PPL connection to MLJ.jl

cscherrer · September 13, 2019, 7:50pm

I’d like to get Soss.jl connected to MLJ.jl. I can imagine a few ways this might work, and thought I could get some input here on what could be most useful as first steps.

I’ll start with a short overview, since Soss works differently than most PPLs.
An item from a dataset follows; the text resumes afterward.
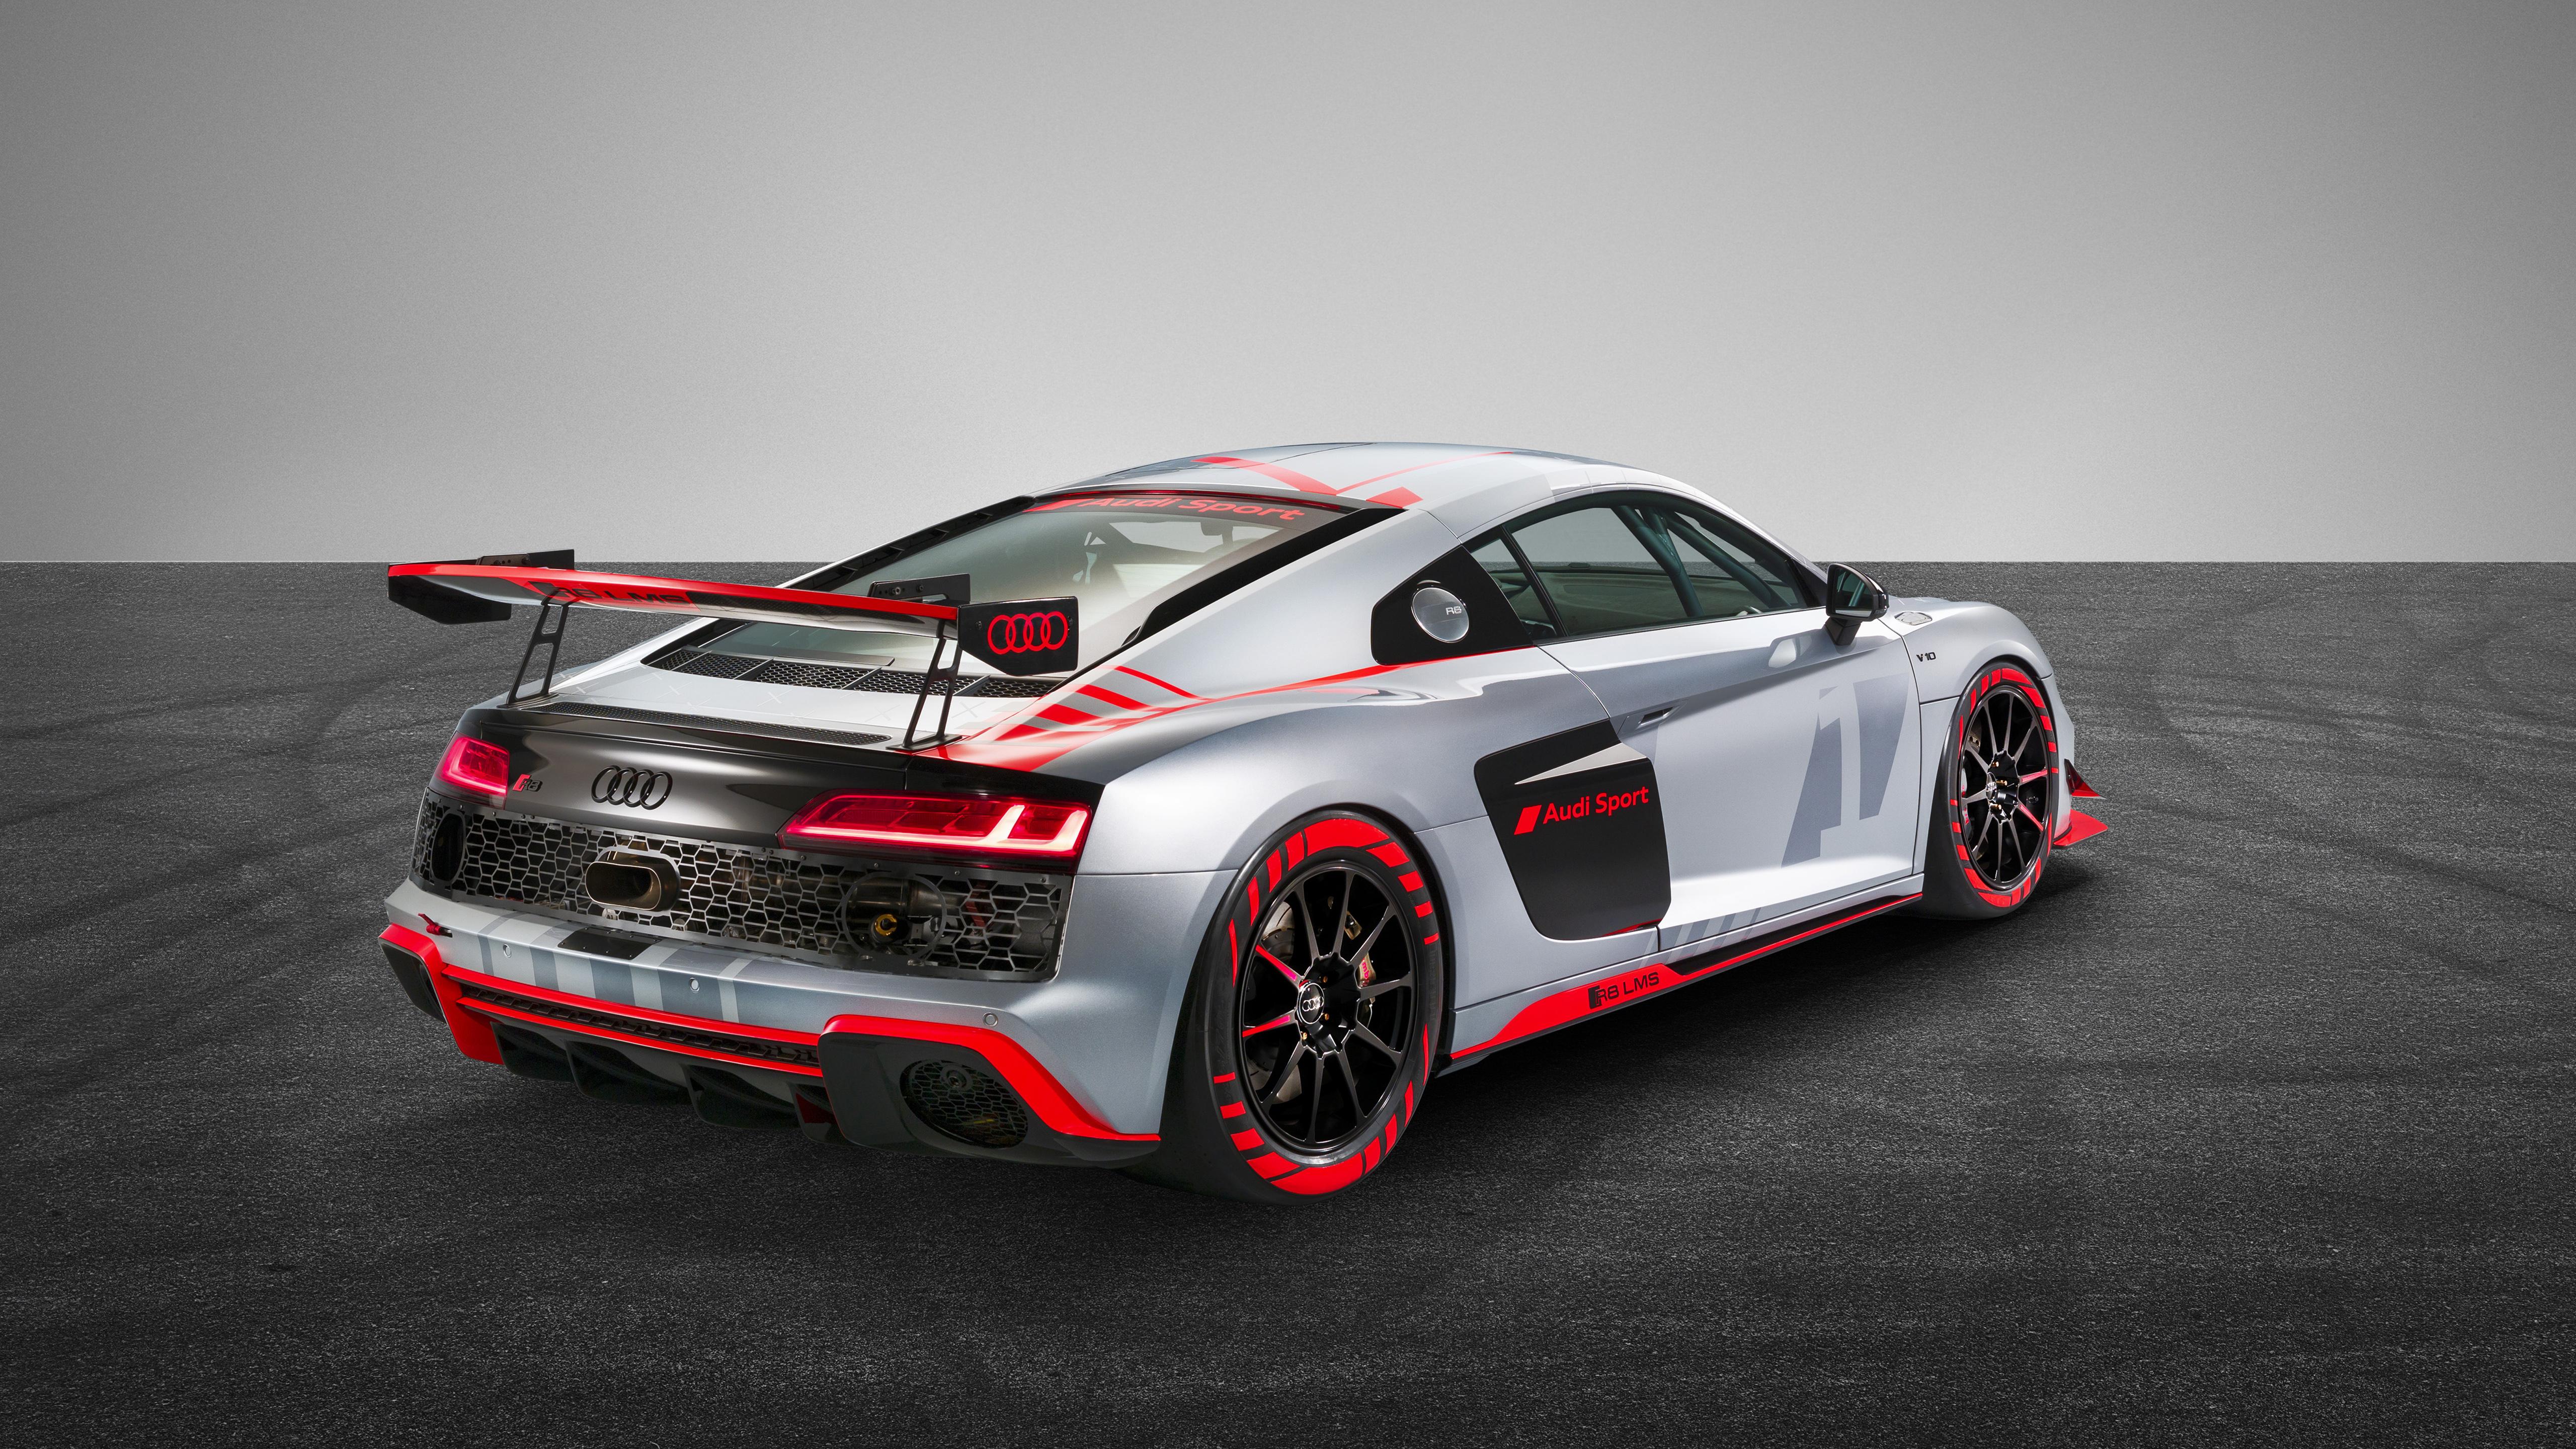 Audi R8 Lms Gt4 2019 4k 3 Wallpaper Hd Car Wallpapers Id 13605
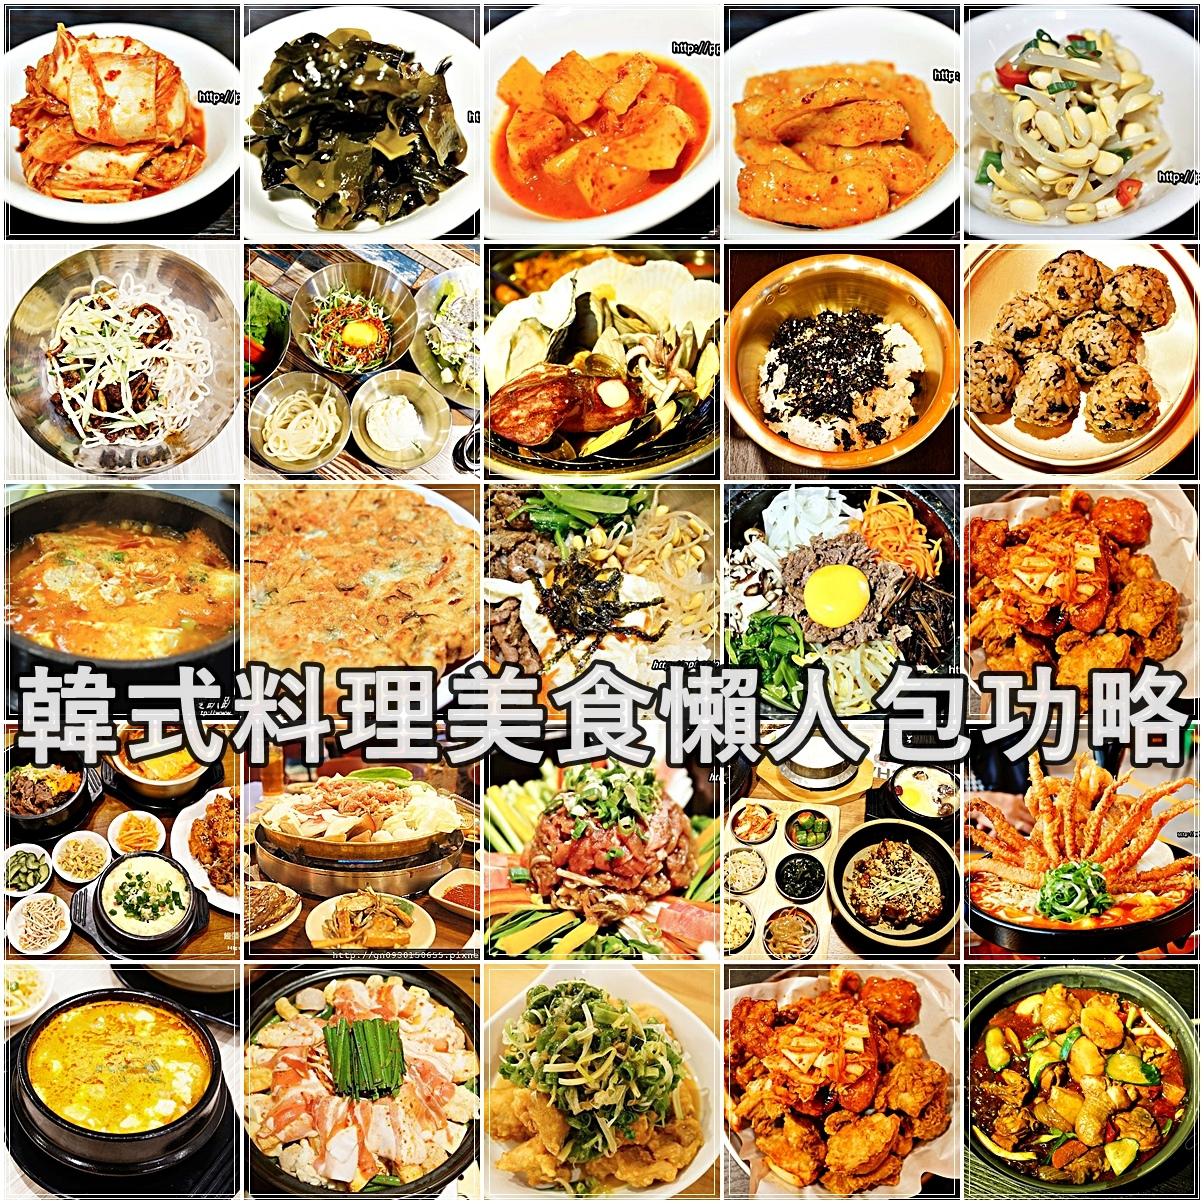 【韓式料理美食懶人包功略】精選17間CP值超高人氣美食~國民必吃的銅板美食,燒肉、石鍋拌飯、炸醬麵、炸雞、小菜吃到飽

All of this might actually run, but I’m not testing as I go, so for now just consider as pseudocode.

Here’s how one could write a simple linear model:

m = @model (αPrior, βPrior, σPrior, xPrior) begin
    α ~ αPrior
    β ~ βPrior
    σ ~ σPrior
    x ~ xPrior
    yhat = α .+ β .* x
    y ~ Normal(yhat,  σ)
end

In m, (αPrior, βPrior, σPrior, xPrior) are free variables, which for this purpose can be considered as hyperparameters.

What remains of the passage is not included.